4. Cultivate the fierce discipline of self-awareness
required in deep listening.
Deep listening
requires us to tune out of the station of our mind which
is always stating an opinion, jumping to a conclusion,
or readying a response as the other person is speaking.
This is anything but easy and it is anything but
natural. We can’t listen and talk at the same time and
it is hard to turn the voice off in our heads that wants
constant air time! We find it hard to listen because we
keep getting in the way of what we hear. It’s like
trying to have an adult conversation with a
three-year-old at your side vying for your attention –
but we are the three-year-old providing the distraction!
So how do we get
out of our own way… not allowing our thoughts and inner
dialogue to derail our attention? There are many in the
literature on listening who will espouse the virtues of
“remaining neutral” and “using empathy” – seeing through
another’s eyes. While these are great aims to aspire to,
I think it is a myth that we can remain “neutral” in any
situation because we don’t enter any interaction with a
blank slate. I also don’t think that “seeing through
another’s eyes” is any more possible than breathing
their next breath or swallowing their food. There is
just too much that we can never know about the
experience of another person for us to really believe
that we can fully feel something from their perspective.
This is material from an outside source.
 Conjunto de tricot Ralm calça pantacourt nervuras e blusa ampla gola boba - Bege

Ironically, acknowledging what we do not and can not
know about the other’s experience is a great first step
in attempting empathy.
Rather than
attempting to avoid the constant chatter of our
opinions, what if we were to attend to them by noticing
their presence, and then consciously setting them aside?
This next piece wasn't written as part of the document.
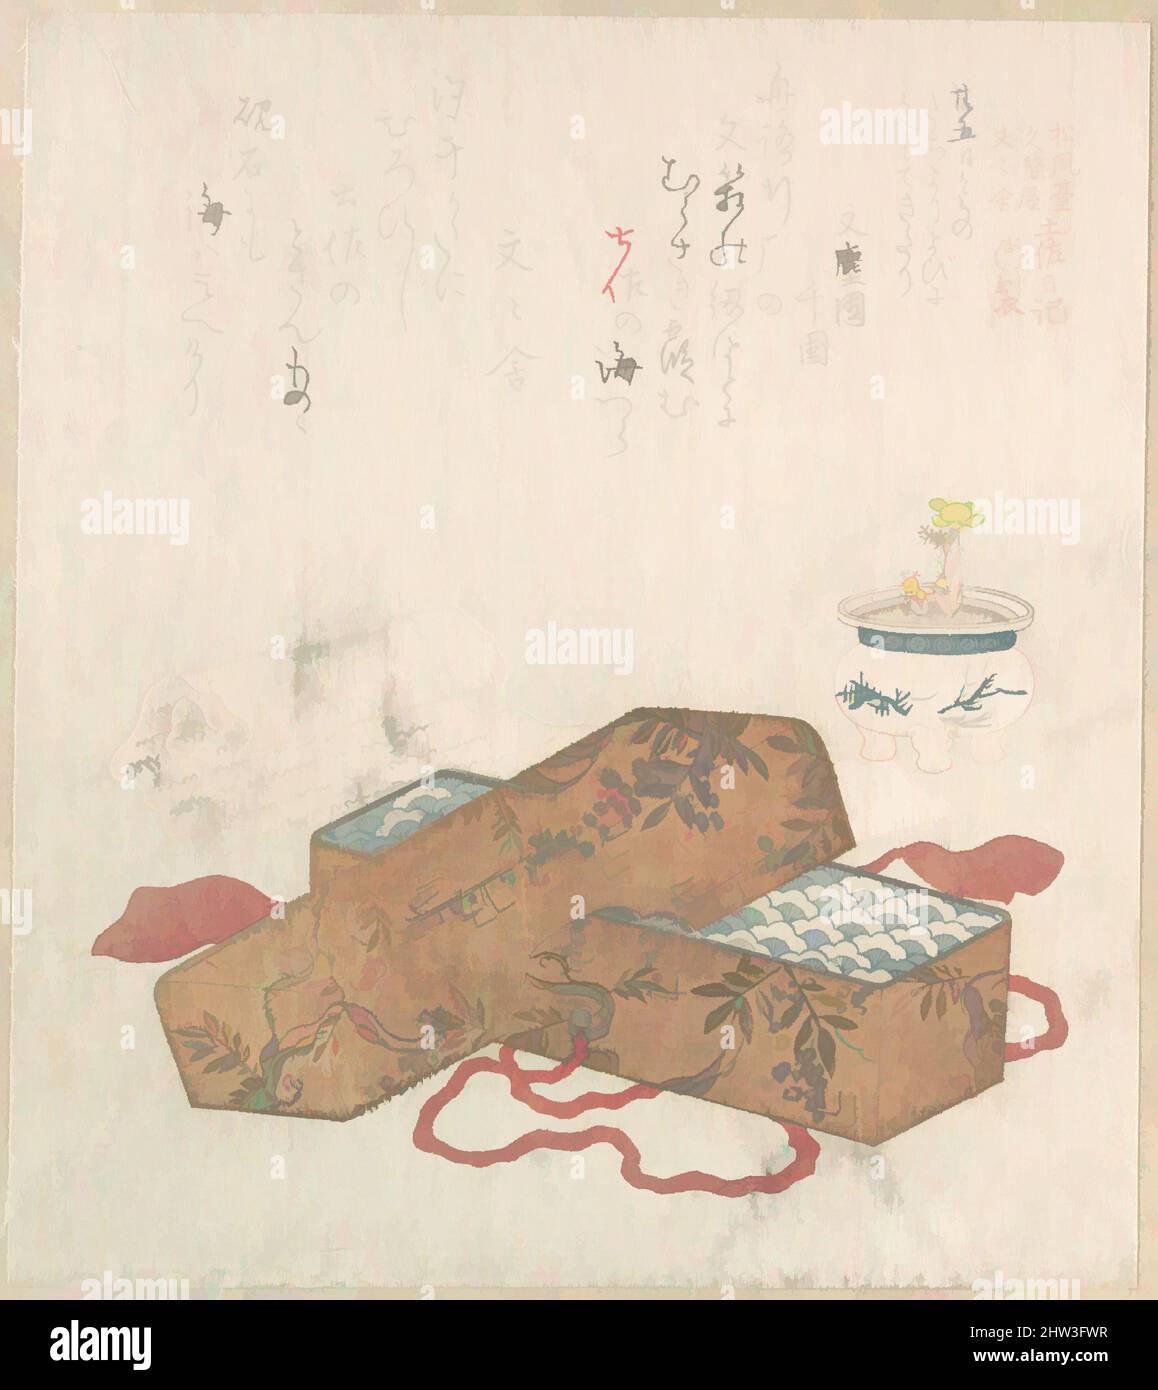 Art inspiré de la boîte aux lettres avec lettre et fleur en pot, époque Edo (1615–1868), 19th siècle, Japon, imprimé polychrome (surimono); encre et couleur sur papier, 8 1/8 x 7 1/4 po. (20,6 x 18,4 cm), Prints, Kubo Shunman (japonais, 1757–1820, oeuvres classiques modernisées par Artotop avec une touche de modernité. Formes, couleur et valeur, impact visuel accrocheur sur l'art émotions par la liberté d'œuvres d'art d'une manière contemporaine. Un message intemporel qui cherche une nouvelle direction créative. Artistes qui se tournent vers le support numérique et créent le NFT Artotop Banque D'Images

Perhaps we can lessen the affects of our “listening
filter” by being vigilant in our awareness of it and
hearing through our own opinions and judgments. We
probably can’t stop the intrusion of our thoughts,
biases and opinions, but by being aware of them we can
neutralize their affect by not giving them center stage.
5. Notice
“who” is doing listening and the intent behind it.
The question that
may be most helpful in our attempt to listen deeply, is
to ask ourselves “who” it is that is doing the
listening. Are we listening as a parent, judge, or boss
– evaluating what is being said so that we can lend a
voice of authority to the situation? Are we listening as
the case manager or counselor who intends to lead or
guide the person down a certain path due to what we (or
the system) thinks is best? Are we listening as the
helper or the supporter who just really wants to make
the other person feel good about what they are saying?
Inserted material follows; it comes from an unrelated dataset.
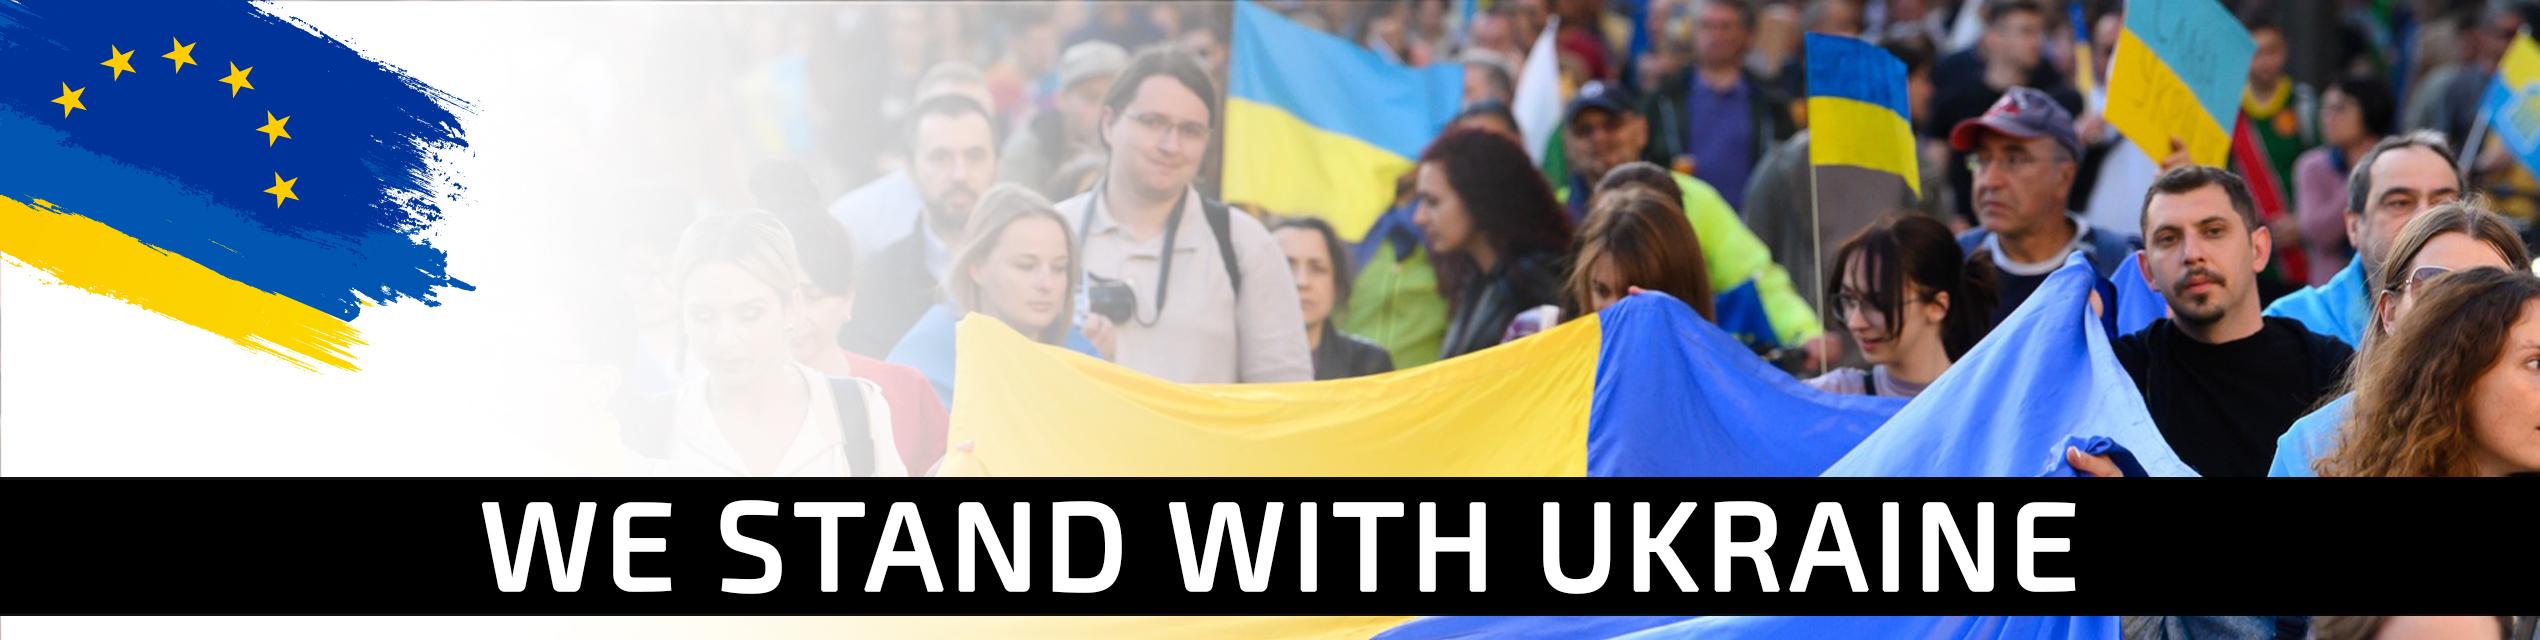 Ukraine 2 years SM banners

Are we being there to solve a problem, investigate,
convince, persuade, inspire, transform, inform,
commiserate, sympathize, or invoke the other person to
somehow get a life?
Notice, that in
all of the examples above, we are listening with a
particular intent to reply, and in doing so, we are
primarily listening to ourselves the entire time! Even
in a genuine desire to be of help, we typically allow
the analytic mind to stay on top of it all, overriding
the stance of the unknowing but open-hearted stance from
which we can be the most help. In our zeal to be of
help, we may lessen our ability to listening deeply
enough for the other person to be heard and for us to
learn something we did not already know.
I am not
suggesting that these various roles are not helpful or
effective in context. After all, sometimes we seek
counsel from a person whose perspective we respect and
other times we pay people to evaluate our situation from
a particular point of view. There are also occasions
when all we want is pure unadulterated support. The
point is, wouldn’t our communications be better served
if the intent with which we are listening matched the
needs of the person who is speaking to us? What if we
were to ask something like; “How do you want me to be
listening right now? Do you want my opinion, some
advice, or clarification? ‘Who’ do you want doing the
listening right now?”
6. Beware of
how we habitually tune people out!
I once asked a
group of workshop participants to make a list of
annoying behaviors people exhibit when they know they
are not really being listened to and it included: they
do all the talking; they interrupt while I am speaking;
they make me feel like I’m wasting their time; they
appear preoccupied by looking away; they stay on the
surface of the conversation or problem; they attempt to
put words into my mouth; they keep rephrasing what I am
saying to suit their own purposes; they answer my
questions with other questions; they play the brick wall
and mentally block out my words; they pretend to listen
to me by nodding their heads and saying, “Uh-huh,
Uh-huh”, not really hearing what I have to say.
As I discuss in
my training on, “30 Ways to Shine as a New Employee”, we
all use these annoying tune-out behaviors some of the
time, we just employ different behaviors with different
people, even when we are not aware we are doing it! Who
do you play the brick wall with, knowing that there is
no need to really listen, because you are already
convinced of what is going to come out of their mouth?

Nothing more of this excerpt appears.